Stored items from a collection
+ + + + +

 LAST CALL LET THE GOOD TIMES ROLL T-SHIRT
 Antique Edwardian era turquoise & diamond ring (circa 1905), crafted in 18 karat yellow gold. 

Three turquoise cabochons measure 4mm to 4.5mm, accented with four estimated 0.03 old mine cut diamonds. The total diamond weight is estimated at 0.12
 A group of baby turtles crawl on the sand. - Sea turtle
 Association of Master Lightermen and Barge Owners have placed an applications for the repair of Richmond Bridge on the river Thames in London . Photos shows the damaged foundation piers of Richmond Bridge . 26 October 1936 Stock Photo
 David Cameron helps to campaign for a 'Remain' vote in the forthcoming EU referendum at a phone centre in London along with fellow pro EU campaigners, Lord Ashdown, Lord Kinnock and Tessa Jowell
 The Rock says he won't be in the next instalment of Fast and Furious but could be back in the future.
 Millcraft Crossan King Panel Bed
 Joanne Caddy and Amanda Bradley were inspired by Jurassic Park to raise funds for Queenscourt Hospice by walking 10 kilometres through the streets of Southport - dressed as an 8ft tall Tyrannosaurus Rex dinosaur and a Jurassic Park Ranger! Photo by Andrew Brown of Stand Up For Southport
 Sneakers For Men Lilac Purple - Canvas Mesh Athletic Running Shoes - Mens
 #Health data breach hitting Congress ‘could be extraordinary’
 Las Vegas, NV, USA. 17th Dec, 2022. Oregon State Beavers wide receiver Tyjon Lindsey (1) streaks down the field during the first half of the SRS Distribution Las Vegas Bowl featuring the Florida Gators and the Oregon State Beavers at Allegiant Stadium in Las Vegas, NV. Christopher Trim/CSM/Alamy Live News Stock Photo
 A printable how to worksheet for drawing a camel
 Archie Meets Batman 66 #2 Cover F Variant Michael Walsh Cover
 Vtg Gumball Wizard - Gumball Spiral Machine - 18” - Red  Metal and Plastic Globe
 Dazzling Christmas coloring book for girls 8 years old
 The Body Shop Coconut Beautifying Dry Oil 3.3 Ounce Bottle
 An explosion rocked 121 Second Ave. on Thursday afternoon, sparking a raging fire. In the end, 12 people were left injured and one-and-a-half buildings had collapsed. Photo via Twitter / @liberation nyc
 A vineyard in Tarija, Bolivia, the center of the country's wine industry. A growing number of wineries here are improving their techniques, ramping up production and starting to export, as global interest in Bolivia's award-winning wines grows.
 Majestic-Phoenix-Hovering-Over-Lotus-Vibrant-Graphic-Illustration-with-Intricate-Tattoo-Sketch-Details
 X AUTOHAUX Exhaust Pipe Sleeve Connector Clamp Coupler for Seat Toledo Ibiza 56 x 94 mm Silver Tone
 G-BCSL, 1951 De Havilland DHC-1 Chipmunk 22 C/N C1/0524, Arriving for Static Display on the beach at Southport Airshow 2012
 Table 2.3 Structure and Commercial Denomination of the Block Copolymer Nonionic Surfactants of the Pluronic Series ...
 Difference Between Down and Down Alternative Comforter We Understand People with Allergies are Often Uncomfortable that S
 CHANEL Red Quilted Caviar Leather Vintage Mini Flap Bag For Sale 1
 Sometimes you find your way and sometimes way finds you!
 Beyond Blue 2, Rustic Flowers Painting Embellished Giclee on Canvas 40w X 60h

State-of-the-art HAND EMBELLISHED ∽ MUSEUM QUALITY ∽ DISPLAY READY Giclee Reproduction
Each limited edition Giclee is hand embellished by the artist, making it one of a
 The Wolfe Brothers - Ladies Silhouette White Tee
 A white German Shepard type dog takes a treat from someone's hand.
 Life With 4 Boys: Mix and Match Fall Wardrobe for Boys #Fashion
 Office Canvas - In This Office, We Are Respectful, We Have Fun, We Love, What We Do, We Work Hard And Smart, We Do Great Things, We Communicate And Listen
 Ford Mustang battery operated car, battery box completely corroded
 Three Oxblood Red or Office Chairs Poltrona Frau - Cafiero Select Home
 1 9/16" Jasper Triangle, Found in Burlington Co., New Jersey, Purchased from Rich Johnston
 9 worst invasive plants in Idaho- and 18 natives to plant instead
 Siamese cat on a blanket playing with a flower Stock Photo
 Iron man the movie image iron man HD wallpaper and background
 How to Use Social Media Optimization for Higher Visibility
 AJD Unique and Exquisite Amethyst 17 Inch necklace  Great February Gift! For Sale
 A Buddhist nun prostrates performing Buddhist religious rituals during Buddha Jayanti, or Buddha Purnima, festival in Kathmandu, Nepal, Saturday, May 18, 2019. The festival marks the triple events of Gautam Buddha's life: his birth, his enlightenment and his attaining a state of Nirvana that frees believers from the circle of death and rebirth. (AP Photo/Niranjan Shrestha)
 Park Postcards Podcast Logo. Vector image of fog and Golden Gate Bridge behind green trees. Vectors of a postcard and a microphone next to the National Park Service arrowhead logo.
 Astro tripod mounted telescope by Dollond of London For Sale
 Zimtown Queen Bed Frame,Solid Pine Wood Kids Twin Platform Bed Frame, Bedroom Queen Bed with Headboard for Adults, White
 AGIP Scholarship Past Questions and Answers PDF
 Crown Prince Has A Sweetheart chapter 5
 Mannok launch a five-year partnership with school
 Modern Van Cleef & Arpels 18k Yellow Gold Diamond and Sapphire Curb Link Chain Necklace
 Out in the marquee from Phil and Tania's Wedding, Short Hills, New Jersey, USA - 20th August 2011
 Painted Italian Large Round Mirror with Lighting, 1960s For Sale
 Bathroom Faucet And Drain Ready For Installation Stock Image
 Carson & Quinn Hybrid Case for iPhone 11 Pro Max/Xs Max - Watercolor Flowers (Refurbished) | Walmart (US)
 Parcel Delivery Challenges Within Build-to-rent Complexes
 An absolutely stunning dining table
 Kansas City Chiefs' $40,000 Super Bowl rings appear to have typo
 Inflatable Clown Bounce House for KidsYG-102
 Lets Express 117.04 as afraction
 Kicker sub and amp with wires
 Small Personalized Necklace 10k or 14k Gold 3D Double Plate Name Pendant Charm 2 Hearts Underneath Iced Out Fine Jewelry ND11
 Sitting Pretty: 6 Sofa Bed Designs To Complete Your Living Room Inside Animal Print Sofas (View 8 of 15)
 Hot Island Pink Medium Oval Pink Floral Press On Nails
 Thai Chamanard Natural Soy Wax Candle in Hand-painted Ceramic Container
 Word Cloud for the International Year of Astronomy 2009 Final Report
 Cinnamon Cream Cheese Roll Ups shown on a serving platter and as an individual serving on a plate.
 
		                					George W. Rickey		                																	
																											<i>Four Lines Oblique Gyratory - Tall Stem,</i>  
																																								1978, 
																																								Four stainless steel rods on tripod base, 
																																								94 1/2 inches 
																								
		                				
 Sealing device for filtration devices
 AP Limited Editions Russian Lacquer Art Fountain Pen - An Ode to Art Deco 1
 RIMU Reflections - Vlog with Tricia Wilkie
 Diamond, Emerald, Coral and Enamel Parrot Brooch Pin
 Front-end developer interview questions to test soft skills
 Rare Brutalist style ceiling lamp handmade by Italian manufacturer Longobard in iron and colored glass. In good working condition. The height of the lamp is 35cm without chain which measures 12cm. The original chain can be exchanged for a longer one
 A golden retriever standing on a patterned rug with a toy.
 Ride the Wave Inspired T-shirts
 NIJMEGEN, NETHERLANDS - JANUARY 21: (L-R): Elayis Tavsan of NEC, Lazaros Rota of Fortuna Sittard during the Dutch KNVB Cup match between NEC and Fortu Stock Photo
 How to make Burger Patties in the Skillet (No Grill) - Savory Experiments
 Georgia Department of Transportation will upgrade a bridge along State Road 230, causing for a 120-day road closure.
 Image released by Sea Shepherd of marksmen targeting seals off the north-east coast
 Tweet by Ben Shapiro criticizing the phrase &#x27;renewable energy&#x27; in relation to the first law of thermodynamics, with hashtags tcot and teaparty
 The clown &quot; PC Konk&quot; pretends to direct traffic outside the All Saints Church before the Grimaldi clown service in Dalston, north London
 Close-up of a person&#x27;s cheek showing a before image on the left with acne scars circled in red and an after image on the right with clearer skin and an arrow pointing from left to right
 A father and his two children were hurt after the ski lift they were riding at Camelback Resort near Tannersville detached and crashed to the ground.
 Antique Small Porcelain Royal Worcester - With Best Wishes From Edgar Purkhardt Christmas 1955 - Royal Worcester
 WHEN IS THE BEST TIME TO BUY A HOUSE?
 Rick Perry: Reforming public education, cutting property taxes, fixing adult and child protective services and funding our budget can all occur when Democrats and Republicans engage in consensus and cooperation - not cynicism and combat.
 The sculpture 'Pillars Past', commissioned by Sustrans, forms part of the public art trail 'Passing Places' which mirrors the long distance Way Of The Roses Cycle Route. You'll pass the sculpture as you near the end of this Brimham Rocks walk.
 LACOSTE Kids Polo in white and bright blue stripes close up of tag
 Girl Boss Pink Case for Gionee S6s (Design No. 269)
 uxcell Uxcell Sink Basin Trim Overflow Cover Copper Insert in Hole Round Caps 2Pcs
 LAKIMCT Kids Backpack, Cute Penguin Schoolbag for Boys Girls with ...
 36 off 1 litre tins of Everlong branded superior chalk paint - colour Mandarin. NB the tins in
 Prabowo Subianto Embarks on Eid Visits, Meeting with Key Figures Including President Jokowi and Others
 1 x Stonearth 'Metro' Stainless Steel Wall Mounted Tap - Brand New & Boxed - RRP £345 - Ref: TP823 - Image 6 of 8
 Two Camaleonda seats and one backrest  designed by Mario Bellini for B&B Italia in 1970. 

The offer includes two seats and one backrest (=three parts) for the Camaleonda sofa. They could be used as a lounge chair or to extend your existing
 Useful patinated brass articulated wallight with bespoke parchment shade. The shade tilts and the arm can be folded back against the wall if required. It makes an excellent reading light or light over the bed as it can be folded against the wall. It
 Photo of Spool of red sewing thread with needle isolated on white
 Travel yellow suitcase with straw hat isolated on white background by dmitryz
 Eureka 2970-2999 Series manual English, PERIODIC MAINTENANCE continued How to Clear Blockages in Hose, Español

+ + + + +

State the number of lines in the records that include "Office", and write nothing else.

Task solution >> 2